There are four geometrically distinct ways of removing four cells in 90° rotary symmetry from the edges of the 8×8 board. These four cases (and the five others with cells omitted internally) were all solved by G. L. Moore (1920) as in the first four shown here. These tours are single examples out of many possible.

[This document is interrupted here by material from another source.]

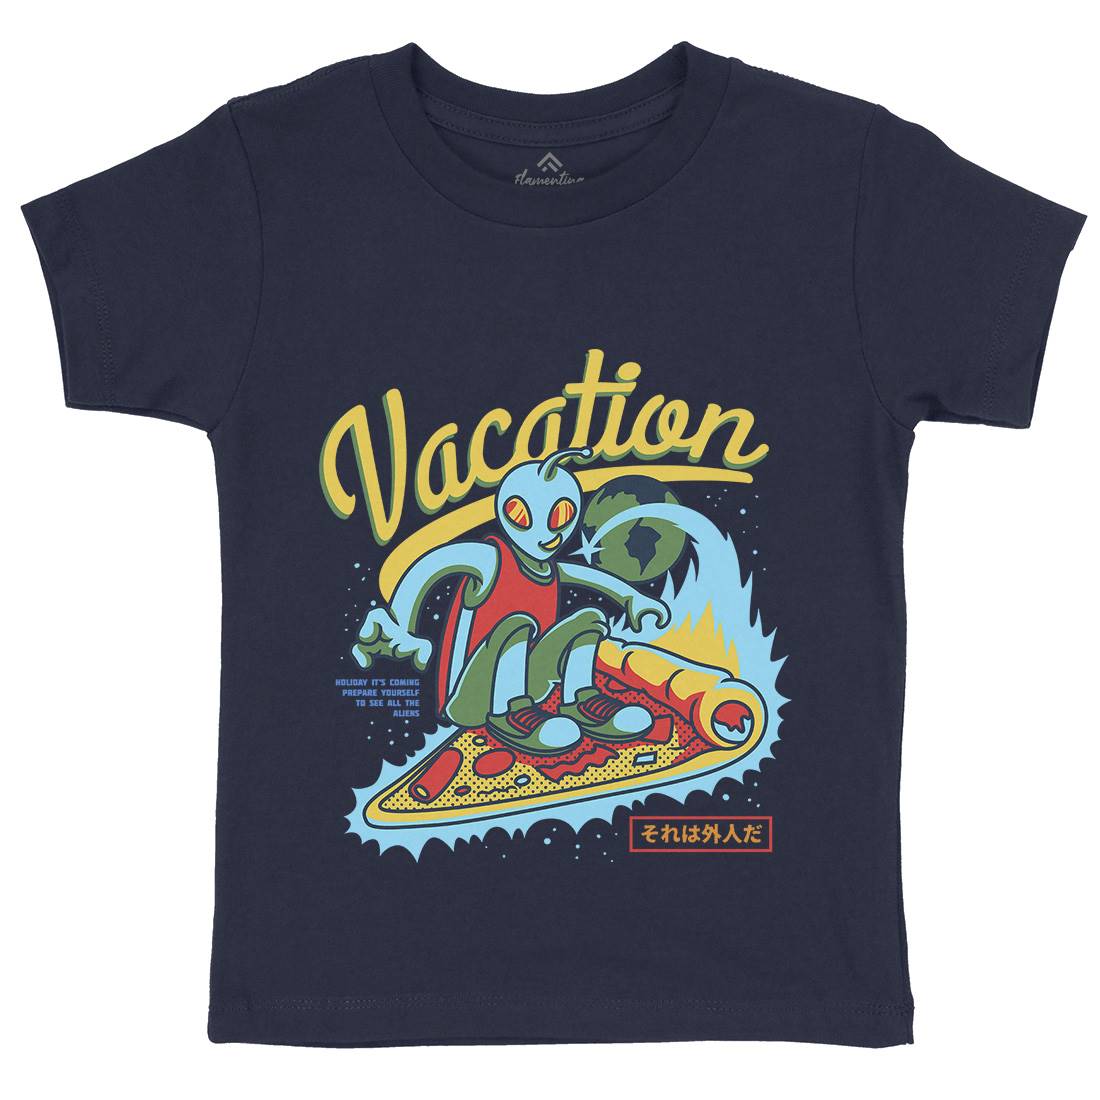 Vacation Mode Kids Crew Neck T-Shirt Surf D871

This subject has been independently rediscovered several times since Moore's work. We show three alternative solutions. The first of these is from Archibald Sharp in Linaludo 1925. The second is from W. H. Cozens in Fairy Chess Review (vol.8 No.3) 1952. It is possible to form tours in which four maximal paths covering 15 cells of the 4×4 quarter-boards are joined together, as in my example (Jelliss 1985).

68 cells

The near-circular board here was formed from the 8×8 chess board by removing corner cells and adding two at the centre of each side, as designed by Paul Byway for ‘Troitzky Chess’ (published in Variant Chess 1997) where one of these tours (Jelliss 1997) was first published.
The augmented cross-shaped board is also of 68 cells (Jelliss 2003).

76 cells

One example (Jelliss 1998).

84 cells

Quaternary symmetry is not posssible on the 80-cell Greek cross board, but becomes possible when four squares are added to make a type of celtic cross, as was pointed out by Ernest Bergholt in the magazine Queen 22 January 1916.

92 cells

Another of Murray's examples collected from Zürcher Illustrierte 25 November 1932.

100 cells

Quaternary symmetry is possible on the square board 10×10 (see the separate pages on 10×10 tours for numerous examples). The example here is just to show that there are other interesting 100-cell shapes besides squares (Jelliss 2003).

108 cells

A tour from Denken und Raten 15 March 1931, recorded by Murray, formed by omitting 36 cells from the corners of the 12×12. This tour is another with only four acute angles at the centre (compare the 44 cell examples).

116 cells

This example (Jelliss 2013) shows a complete Maltese Cross.

124 cells

These 124 examples are collected by H. J. R. Murray from Denken und Raten 25 January 1931 and 14 June 1931. They can be regarded as 12×12 minus four groups of five cells in the edges.

132 cells

One example (Jelliss 1998)

140 cells

One example (Jelliss 2013).

148 cells

One example (Jelliss 1998)

156 cells

The central pattern in my 156 quaternary example is adapted from two designs used by Edward Falkener (1892) in his 160-cell tours (his tours numbers 9 and 15).

164 cells

This example is after Falkener's (1892) near-symmetric design number 16 on a 160-cell ‘Four-Handed Chess’ board (on which quaternary symmetry is impossible). The four extra cells in the concave corners of the cross make quaternary symmetry possible.

172 cells

This example (Jelliss 1998) is 14×14 minus 24 (six at each corner).

180 cells

This example (Jelliss 1998) is 14×14 minus 16 (four at each corner).

188 cells

This example (Jelliss 1998) is 14×14 minus 8 (two in each edge).

196 cells

The 14×14 board has 196 cells and is tourable with birotary symmetry. (See the section on square boards for examples.)
This shaped example (Jelliss 2013) includes six complete Greek Crosses delineated by knight moves, five of size 1 and one of size 7.


Conclusion

I hope that, rather than simply reproduce the examples shown in this collection readers will be encouraged to construct their own tours, using pen or pencil on squared paper. Many more artistic and quirky patterns can be found. It can be an enjoyable recreation. Send me your best examples (either as monochromatic images or as text files numbered 01, 02, ... or 001, 002, ... so the numbers line up in the columns). The diagrams shown here have all been drawn using the drawing facility in Lotus WordPro. (The grid setting used was originally with dots at 0.1 inch separation, though I now prefer 0.111 inch for web diagrams, and 0.0833 inch for diagrams in PDFs, allowing four 8×8 boards across an A4 page with in inch margins). It is just a matter of joining up the dots! In the case of tours with quaternary symmetry it is only necessary to draw a quarter of the tour on the board to begin with. The rest of the diagram can then be completed by copying and rotating the first quarter.